We had a lot of landscaping done this summer--the kind of thing that were beyond even the amazing DIY prowess of Cpt. Sweetie. We had three guys full time in our yard for a month, and for the first three weeks they didn't make a MOVE without a level in their hands.

They built us walkways, they built us steps. They built a patio and a bluestone planter/wall. They brought in 7 foot tall trees and planted them for us. They ripped up the lawn (a word which here means "mostly creeping charlie and a lot of weeds") and laid sod.

Then they went away.

Not that the landscaping was finished, mind you. Far from it. However, what was left was the sort of thing that even someone with limited DIY skills ( which would be me) could take over. Planting perennials and small shrubs? Mulching? Things that take more muscle than brains? That's my portfolio!

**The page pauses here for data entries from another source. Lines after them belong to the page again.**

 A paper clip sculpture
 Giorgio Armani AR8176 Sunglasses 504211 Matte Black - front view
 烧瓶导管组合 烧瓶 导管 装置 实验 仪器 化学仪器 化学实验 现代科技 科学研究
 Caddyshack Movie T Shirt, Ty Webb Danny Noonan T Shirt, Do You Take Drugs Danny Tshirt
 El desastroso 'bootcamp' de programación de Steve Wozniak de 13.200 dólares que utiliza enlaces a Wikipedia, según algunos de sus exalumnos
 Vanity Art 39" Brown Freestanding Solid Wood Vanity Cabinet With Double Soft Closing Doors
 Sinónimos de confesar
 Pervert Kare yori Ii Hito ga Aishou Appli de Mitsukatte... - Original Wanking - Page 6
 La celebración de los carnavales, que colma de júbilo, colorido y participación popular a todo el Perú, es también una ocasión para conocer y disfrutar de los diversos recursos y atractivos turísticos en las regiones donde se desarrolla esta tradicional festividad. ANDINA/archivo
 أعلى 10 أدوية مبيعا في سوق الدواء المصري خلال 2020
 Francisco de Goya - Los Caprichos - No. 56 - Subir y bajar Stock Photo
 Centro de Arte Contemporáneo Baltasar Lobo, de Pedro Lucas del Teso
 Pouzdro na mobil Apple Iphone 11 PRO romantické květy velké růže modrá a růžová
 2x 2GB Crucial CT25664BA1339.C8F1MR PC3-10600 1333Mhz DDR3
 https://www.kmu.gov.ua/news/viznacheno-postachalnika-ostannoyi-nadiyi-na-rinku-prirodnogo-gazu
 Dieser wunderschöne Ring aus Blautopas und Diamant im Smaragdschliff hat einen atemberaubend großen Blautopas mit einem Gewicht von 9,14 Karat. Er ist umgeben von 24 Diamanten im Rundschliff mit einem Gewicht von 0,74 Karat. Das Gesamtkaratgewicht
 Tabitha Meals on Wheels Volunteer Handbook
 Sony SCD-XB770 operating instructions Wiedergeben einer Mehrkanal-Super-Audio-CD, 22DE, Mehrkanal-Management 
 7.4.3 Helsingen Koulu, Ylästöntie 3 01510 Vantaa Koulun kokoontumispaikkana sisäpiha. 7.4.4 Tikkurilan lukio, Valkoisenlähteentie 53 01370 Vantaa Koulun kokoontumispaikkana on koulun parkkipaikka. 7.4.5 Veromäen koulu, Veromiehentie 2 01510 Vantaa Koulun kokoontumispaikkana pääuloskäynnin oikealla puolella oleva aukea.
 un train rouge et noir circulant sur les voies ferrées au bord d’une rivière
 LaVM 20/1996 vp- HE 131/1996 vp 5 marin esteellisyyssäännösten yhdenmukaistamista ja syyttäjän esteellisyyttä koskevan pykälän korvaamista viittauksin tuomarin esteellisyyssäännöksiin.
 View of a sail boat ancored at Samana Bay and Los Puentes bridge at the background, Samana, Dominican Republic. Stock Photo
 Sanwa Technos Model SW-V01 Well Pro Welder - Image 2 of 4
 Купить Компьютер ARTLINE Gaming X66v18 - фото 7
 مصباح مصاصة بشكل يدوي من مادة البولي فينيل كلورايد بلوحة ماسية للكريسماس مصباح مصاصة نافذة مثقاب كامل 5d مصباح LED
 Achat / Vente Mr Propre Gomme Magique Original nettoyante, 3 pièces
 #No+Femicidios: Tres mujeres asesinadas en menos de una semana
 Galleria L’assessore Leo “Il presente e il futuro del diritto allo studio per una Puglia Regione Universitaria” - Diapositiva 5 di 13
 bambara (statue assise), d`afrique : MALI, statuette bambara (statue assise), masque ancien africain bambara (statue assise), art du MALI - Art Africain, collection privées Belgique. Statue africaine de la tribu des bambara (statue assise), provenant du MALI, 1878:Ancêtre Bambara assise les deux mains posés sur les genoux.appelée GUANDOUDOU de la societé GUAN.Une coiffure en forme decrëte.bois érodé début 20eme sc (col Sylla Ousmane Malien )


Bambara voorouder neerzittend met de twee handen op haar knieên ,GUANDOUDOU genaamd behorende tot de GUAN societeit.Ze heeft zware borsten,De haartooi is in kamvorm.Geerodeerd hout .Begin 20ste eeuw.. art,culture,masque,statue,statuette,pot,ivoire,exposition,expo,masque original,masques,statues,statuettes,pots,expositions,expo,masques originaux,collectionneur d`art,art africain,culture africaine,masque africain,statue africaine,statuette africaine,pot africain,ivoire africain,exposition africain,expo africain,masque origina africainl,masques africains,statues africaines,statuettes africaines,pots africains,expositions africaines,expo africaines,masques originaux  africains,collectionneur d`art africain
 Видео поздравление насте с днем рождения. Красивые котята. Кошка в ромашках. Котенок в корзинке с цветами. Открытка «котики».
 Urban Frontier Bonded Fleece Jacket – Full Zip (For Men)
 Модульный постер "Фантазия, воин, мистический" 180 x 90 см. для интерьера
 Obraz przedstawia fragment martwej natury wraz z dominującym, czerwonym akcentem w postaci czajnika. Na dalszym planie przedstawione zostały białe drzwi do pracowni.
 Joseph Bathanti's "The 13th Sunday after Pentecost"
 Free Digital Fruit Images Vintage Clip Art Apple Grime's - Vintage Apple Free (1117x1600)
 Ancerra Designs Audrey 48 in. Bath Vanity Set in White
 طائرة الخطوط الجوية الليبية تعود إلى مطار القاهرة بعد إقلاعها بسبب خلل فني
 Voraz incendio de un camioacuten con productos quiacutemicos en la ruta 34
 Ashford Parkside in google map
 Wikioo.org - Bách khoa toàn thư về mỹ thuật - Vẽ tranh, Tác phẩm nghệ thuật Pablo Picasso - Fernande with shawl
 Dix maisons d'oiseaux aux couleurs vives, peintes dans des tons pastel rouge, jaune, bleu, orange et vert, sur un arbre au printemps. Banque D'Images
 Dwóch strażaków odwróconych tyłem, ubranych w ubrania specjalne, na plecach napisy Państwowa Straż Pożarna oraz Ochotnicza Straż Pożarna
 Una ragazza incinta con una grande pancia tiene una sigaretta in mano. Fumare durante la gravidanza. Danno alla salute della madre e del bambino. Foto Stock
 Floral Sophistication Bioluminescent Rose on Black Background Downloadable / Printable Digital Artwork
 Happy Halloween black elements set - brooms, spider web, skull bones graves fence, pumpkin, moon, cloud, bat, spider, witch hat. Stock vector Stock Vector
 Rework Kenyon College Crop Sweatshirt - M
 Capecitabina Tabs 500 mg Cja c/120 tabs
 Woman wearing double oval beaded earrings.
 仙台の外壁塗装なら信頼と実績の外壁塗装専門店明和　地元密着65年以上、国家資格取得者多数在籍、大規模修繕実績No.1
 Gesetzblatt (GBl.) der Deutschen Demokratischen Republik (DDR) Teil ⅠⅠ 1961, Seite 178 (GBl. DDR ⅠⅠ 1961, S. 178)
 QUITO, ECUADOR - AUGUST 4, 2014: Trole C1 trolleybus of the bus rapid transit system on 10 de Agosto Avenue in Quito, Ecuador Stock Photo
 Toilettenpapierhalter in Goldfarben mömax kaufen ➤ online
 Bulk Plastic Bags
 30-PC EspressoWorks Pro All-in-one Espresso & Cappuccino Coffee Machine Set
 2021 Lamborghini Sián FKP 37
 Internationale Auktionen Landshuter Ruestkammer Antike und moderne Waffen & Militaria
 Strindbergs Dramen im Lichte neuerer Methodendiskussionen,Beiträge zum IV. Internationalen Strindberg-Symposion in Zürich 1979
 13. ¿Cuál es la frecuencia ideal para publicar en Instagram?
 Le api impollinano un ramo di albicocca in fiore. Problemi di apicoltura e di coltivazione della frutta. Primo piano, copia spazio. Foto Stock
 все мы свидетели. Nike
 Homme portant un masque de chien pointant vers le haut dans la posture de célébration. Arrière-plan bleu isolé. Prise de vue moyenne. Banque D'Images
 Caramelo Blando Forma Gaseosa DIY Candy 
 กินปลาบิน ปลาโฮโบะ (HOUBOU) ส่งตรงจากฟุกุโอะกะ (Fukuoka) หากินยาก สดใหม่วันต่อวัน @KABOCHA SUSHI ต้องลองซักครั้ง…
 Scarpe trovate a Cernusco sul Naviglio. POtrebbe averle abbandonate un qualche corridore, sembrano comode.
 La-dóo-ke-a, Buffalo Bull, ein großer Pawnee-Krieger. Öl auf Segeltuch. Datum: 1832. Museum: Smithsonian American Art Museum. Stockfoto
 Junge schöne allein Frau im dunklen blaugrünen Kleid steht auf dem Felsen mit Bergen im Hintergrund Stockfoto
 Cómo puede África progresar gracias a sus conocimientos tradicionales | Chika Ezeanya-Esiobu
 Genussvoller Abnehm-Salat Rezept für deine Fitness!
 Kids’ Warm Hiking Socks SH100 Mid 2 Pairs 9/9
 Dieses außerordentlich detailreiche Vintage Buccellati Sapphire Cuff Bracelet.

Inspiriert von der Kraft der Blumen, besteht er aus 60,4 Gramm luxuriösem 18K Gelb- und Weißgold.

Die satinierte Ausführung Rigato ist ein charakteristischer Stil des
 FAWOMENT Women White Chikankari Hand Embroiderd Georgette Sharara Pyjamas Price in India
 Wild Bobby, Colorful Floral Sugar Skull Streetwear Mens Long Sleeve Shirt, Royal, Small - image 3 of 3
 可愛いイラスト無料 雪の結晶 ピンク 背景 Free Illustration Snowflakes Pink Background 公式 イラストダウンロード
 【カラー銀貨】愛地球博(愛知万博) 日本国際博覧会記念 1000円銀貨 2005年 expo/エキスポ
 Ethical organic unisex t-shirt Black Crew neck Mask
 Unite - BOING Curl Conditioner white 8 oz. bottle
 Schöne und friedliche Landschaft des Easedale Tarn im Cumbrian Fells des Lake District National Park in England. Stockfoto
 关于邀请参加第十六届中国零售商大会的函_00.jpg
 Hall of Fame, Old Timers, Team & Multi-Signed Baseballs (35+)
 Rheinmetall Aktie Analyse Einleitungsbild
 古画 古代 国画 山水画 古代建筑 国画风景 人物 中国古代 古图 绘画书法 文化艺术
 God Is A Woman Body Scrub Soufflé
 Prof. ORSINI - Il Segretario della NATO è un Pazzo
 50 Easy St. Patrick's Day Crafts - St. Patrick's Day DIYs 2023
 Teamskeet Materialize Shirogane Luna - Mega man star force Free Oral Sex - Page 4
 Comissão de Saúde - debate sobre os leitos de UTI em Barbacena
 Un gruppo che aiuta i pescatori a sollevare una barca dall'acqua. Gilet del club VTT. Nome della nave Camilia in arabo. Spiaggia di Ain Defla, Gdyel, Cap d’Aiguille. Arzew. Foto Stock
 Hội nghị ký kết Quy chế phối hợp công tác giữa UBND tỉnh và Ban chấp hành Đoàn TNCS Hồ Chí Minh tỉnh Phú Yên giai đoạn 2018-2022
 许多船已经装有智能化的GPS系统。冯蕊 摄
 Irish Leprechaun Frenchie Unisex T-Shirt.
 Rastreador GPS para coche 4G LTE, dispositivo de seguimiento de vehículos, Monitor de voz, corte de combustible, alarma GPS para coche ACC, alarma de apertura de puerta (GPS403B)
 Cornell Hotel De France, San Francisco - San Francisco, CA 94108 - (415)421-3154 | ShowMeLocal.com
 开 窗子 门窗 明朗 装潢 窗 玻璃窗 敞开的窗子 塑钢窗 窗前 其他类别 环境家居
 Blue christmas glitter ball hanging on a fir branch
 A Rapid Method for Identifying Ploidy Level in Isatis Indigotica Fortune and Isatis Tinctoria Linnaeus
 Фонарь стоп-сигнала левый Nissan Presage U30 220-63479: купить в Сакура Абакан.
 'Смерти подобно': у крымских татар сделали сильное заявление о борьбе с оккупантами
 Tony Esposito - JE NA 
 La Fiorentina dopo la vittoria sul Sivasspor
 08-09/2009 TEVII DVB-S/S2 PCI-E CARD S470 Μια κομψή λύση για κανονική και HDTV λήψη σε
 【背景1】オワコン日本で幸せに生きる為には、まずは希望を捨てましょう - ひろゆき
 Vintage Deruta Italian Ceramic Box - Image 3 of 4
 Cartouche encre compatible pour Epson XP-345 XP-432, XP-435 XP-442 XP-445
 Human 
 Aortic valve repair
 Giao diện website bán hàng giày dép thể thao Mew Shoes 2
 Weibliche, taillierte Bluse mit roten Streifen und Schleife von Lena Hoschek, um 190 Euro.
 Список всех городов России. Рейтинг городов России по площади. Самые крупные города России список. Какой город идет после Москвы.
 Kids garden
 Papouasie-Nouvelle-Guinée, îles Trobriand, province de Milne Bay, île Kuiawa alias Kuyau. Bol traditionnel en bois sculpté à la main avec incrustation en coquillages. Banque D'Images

Of course, we have a scale plan for the yard, with plants spec'd by species and number and color, and so all I have to do is buy the plants, locate them according to the plan, and then plant them. One of the first I did was a ring of three cranberry cotoneaster shrubs.



Pretty, isn't it.


Since this was the first thing I was planting, I was obsessive about the placement. I took measurements from the plan, and replicated them in the yard. I took yard measurements and checked them against the plan. I lined up plants (still in their pots) and tweaked the design so that it looked good, then checked them against the plan. Only after I was satisfied that I had honored the balance of the original plan, while also controlling for the variations on the ground, did I plant those three bushes.

The digging and planting took about 20 minutes--the lining up and double checking beforehand took a good hour.

So it was with pride I showed Cpt. Sweetie the gorgeous new shrubs in our garden, regaling him with tales of all the care I had put into placing them precisely as the plan demanded.

He looked at me with that loving expression--the one that makes me feel like I won the Husband Jackpot: a mix of love, pride, humor--and said, "You did an excellent job. Except, the cotoneaster don't go there."

Ack! He was right, of course. All that measuring and placing, and I had failed to notice that the plan called for a completely different plant there.



Citrus swizzle forsythia, which looks nothing at all like cotoneaster.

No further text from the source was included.